Korea Exchange Activates SIDECAR Mechanism to Halt KOSPI Program Selling
Miles Bennett
Korea Exchange activated its SIDECAR circuit breaker on July 13, 2026, suspending all programmatic sell orders on the KOSPI. This means → volatility had grown severe enough for the exchange to step in and block automated selling from deepening the decline.
What happened?
Korea Exchange activated SIDECAR on July 13, 2026, halting programmatic sell orders across the KOSPI market.
SIDECAR — a circuit breaker unique to Korea that intercepts computer-generated trade orders — was triggered, confirming automated selling had exceeded normal thresholds.
This means → the exchange judged that letting programmatic sell orders run unchecked risked amplifying the decline beyond fundamentals.
What exactly is SIDECAR?
In plain terms = SIDECAR is a pause button the exchange presses on programmatic trading.

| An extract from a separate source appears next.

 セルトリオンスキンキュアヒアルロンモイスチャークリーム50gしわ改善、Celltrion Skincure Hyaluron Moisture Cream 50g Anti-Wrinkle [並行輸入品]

It does not shut the entire market — it freezes only the sell orders placed automatically by computers.
Its purpose is narrow: sever the chain of machine-driven stampede selling during extreme volatility and give the market a breathing window.

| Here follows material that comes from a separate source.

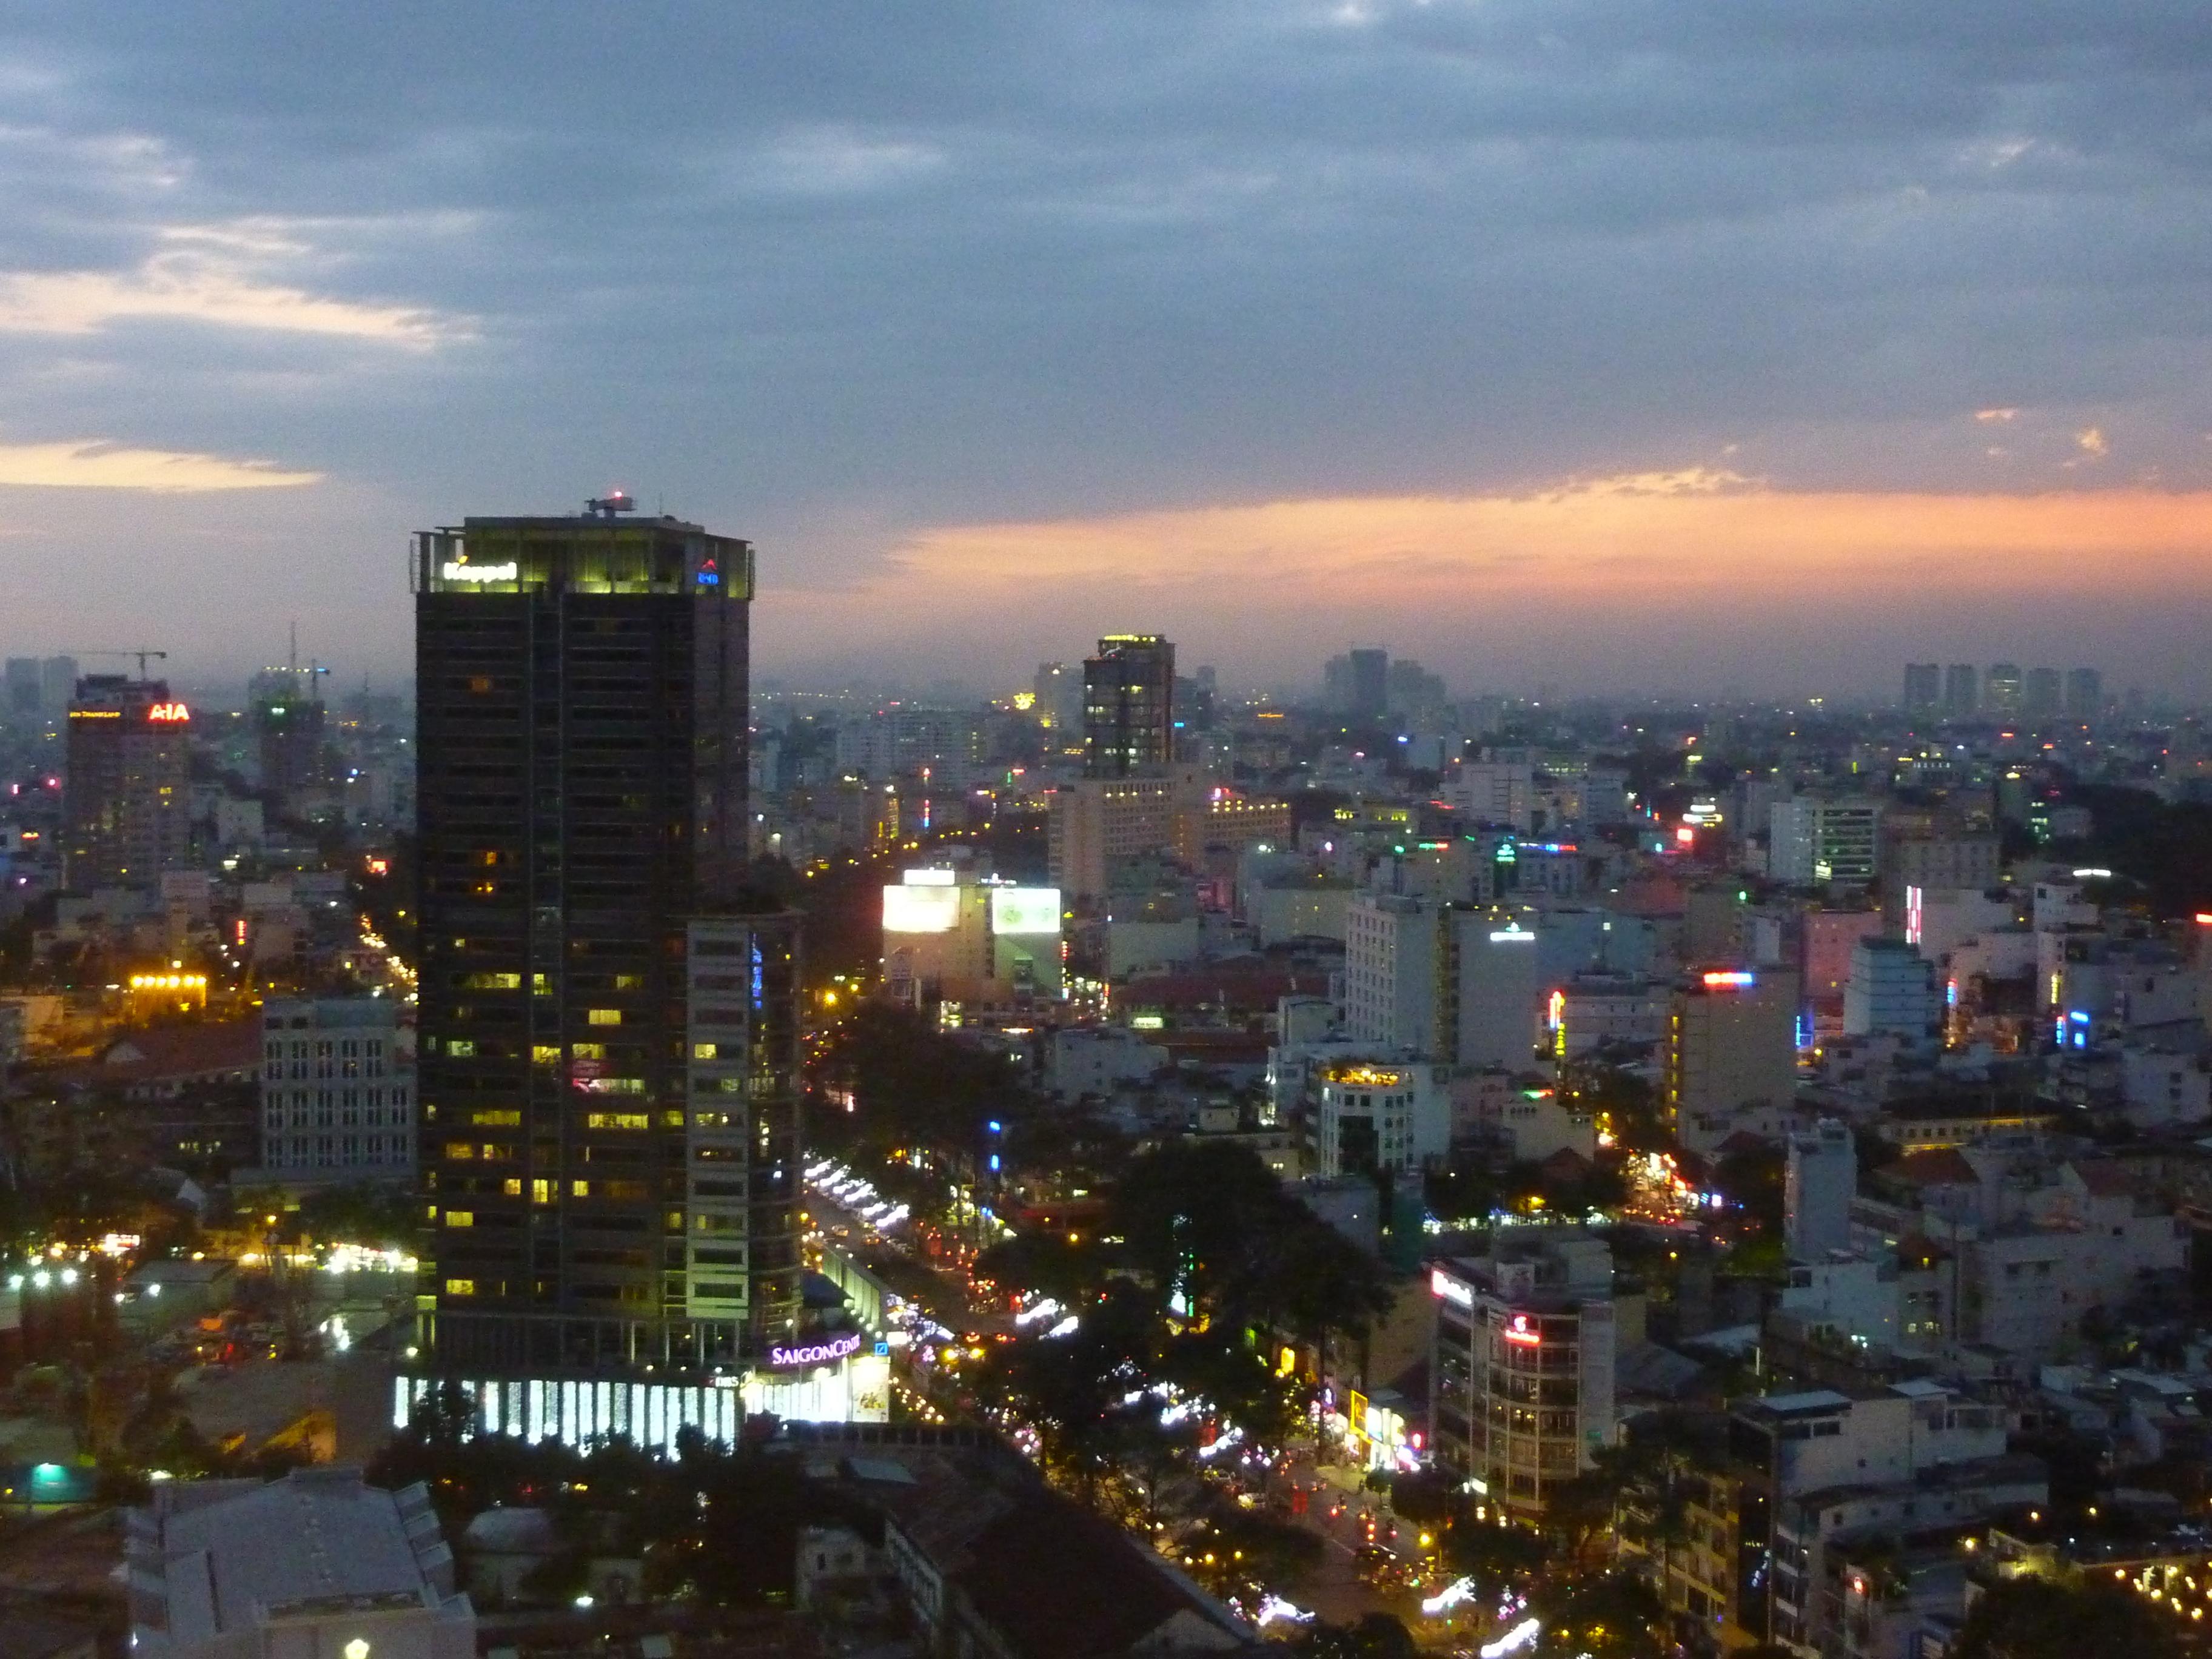 Saigon at Dusk

This reflects Korea Exchange's longstanding vigilance toward the risk that programmatic trading amplifies swings in stressed markets.
What does this mean for investors?
The activation itself is a stress signal: it confirms KOSPI is under significant selling pressure, severe enough to trip the exchange's intervention threshold.
This means → liquidity and price discovery on KOSPI may be disrupted in the short term; investors should watch the direction of trading once the halt lifts.
One caveat: SIDECAR is a temporary mechanism with a limited pause window — it does not alter the market's underlying fundamentals.
Content is for reference only, not financial advice.